[Numpy-discussion] Extending numpy statistics functions (like mean)

Tue Apr 12 09:35:04 EDT 2011

On 04/11/2011 05:03 PM, Keith Goodman wrote:
> On Mon, Apr 11, 2011 at 2:36 PM, Sergio Pascual<sergio.pasra at gmail.com>  wrote:
>> Hi list.
>>
>> For mi application, I would like to implement some new statistics
>> functions over numpy arrays, such as truncated mean. Ideally this new
>> function should have the same arguments
>> than numpy.mean: axis, dtype and out.
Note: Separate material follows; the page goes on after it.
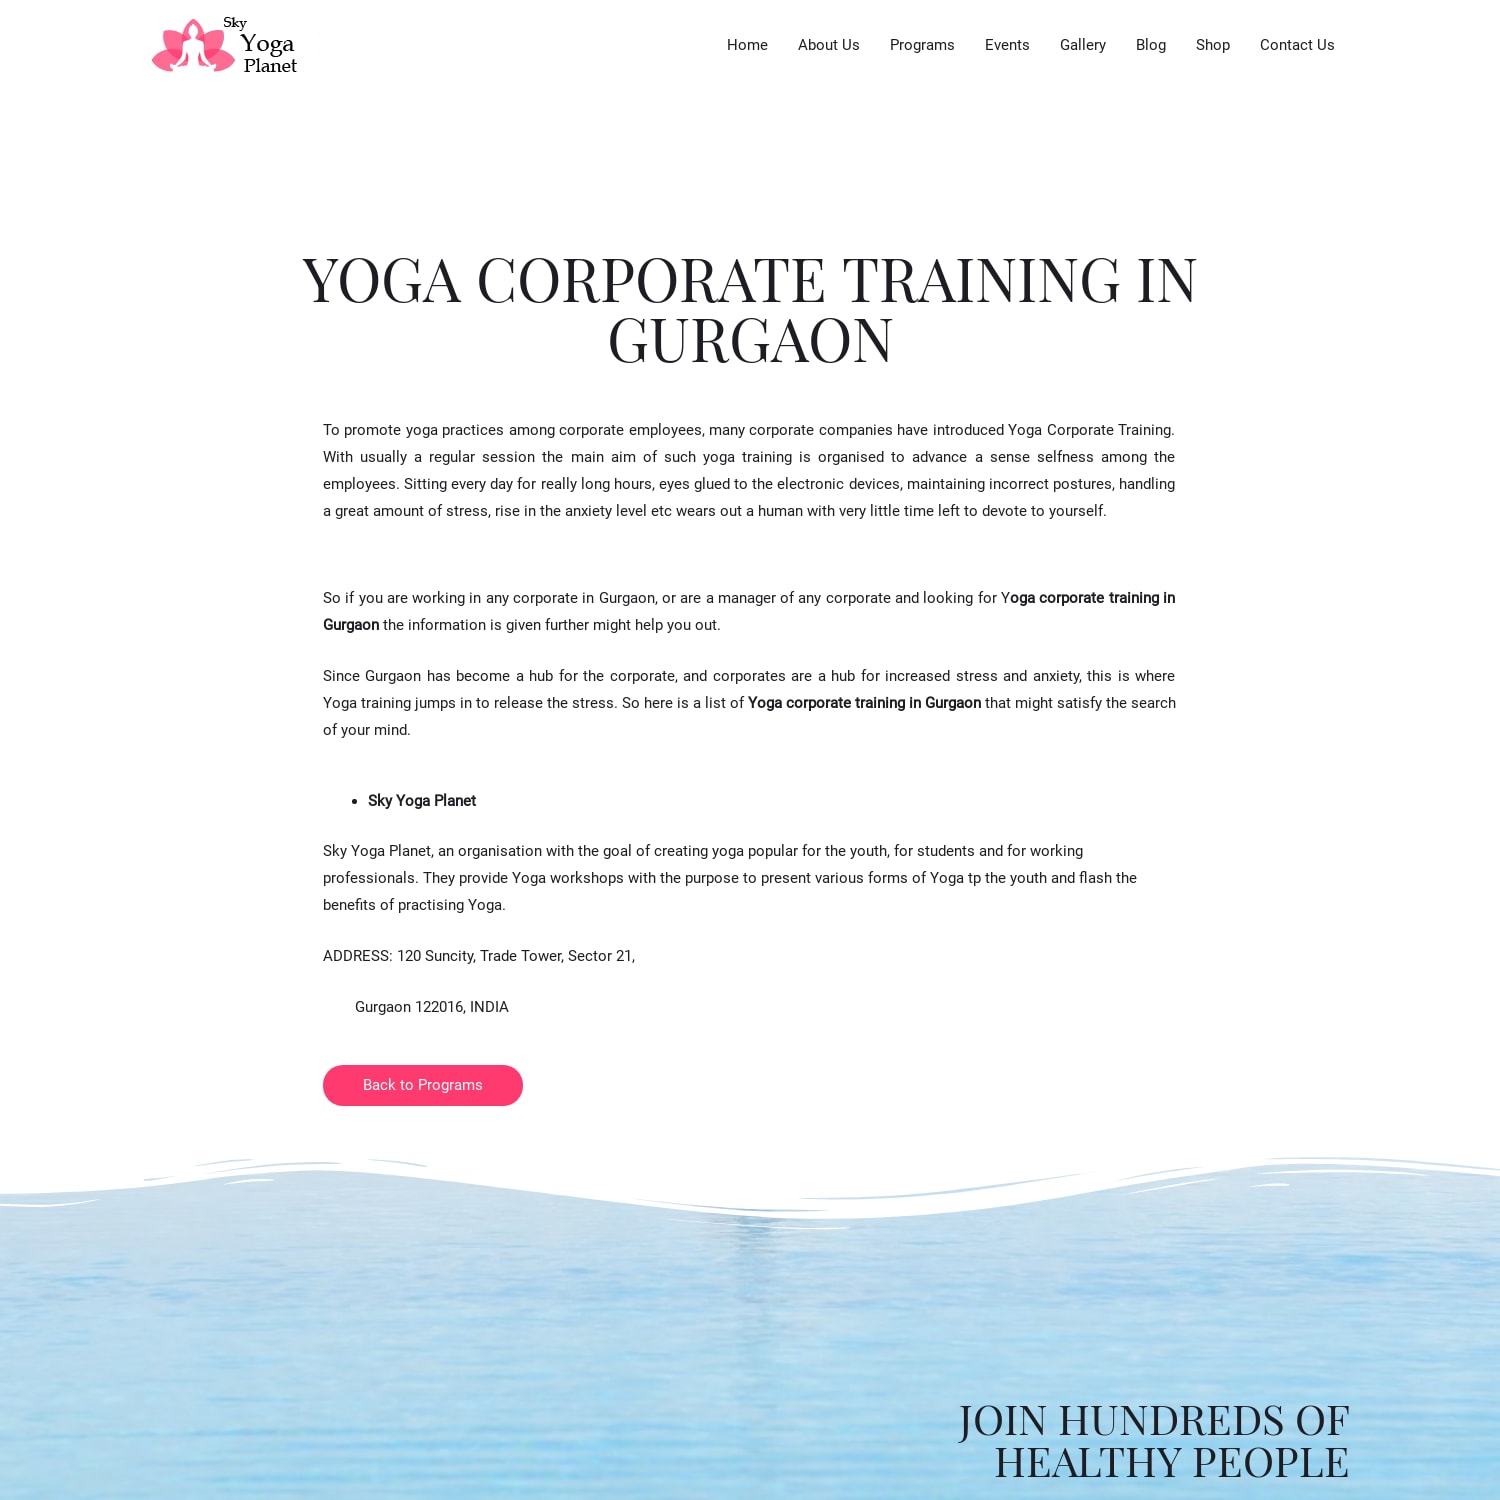 Yoga Corporate Training In Gurgaon - Yoga for Life

Is there a way of writing this
>> function that doesn't imply writing it in C from scratch?
>>
>> I have read the documentation, but as far a I see ufuncs convert a N
>> dimensional array into another and generalized ufuncs require fixed
>> dimensions. numpy mean converts a N dimensional array either in a
>> number or a N - 1 dimensional array.
> Here's a slow, brute force method:
>
>>> a = np.arange(9).reshape(3,3)
>>> a
> array([[0, 1, 2],
>         [3, 4, 5],
>         [6, 7, 8]])
>>> idx = a>  6
>>> b = a. copy()
>>> b[idx] = 0
>>> b
> array([[0, 1, 2],
>         [3, 4, 5],
>         [6, 0, 0]])
>>> 1.0 * b.sum(axis=0) / (~idx).sum(axis=0)
>     array([ 3. ,  2.5,  3.5])
> _______________________________________________
> NumPy-Discussion mailing list
> NumPy-Discussion at scipy.org
> http://mail.scipy.org/mailman/listinfo/numpy-discussion
The truncated functions are easily handled by masked arrays and somewhat 
harder by using indexing (as seen below). There is limited functionality 
in scipy.stats as well. So first check scipy.stats to see if the 
functions you need are there. Otherwise please post a list of possible 
functions to the scipy-dev list because that is the most likely home.


 >>> import numpy as np
 >>> from numpy import ma
 >>> y = np.arange(35).reshape(5,7)
 >>> b=y>20
 >>> z=ma.masked_where(y <= 20, y)
 >>> z.mean()
27.5
 >>> z.mean(axis=0)
masked_array(data = [24.5 25.5 26.5 27.5 28.5 29.5 30.5],
              mask = [False False False False False False False],
        fill_value = 1e+20)

 >>> z.mean(axis=1)
masked_array(data = [-- -- -- 24.0 31.0],
              mask = [ True  True  True False False],
        fill_value = 1e+20)

 >>> y[b].mean()
27.5
 >>> y[b[:,5]].mean(axis=0)
array([ 24.5,  25.5,  26.5,  27.5,  28.5,  29.5,  30.5])
 >>> y[b[:,5]].mean(axis=1)
array([ 24.,  31.])


Bruce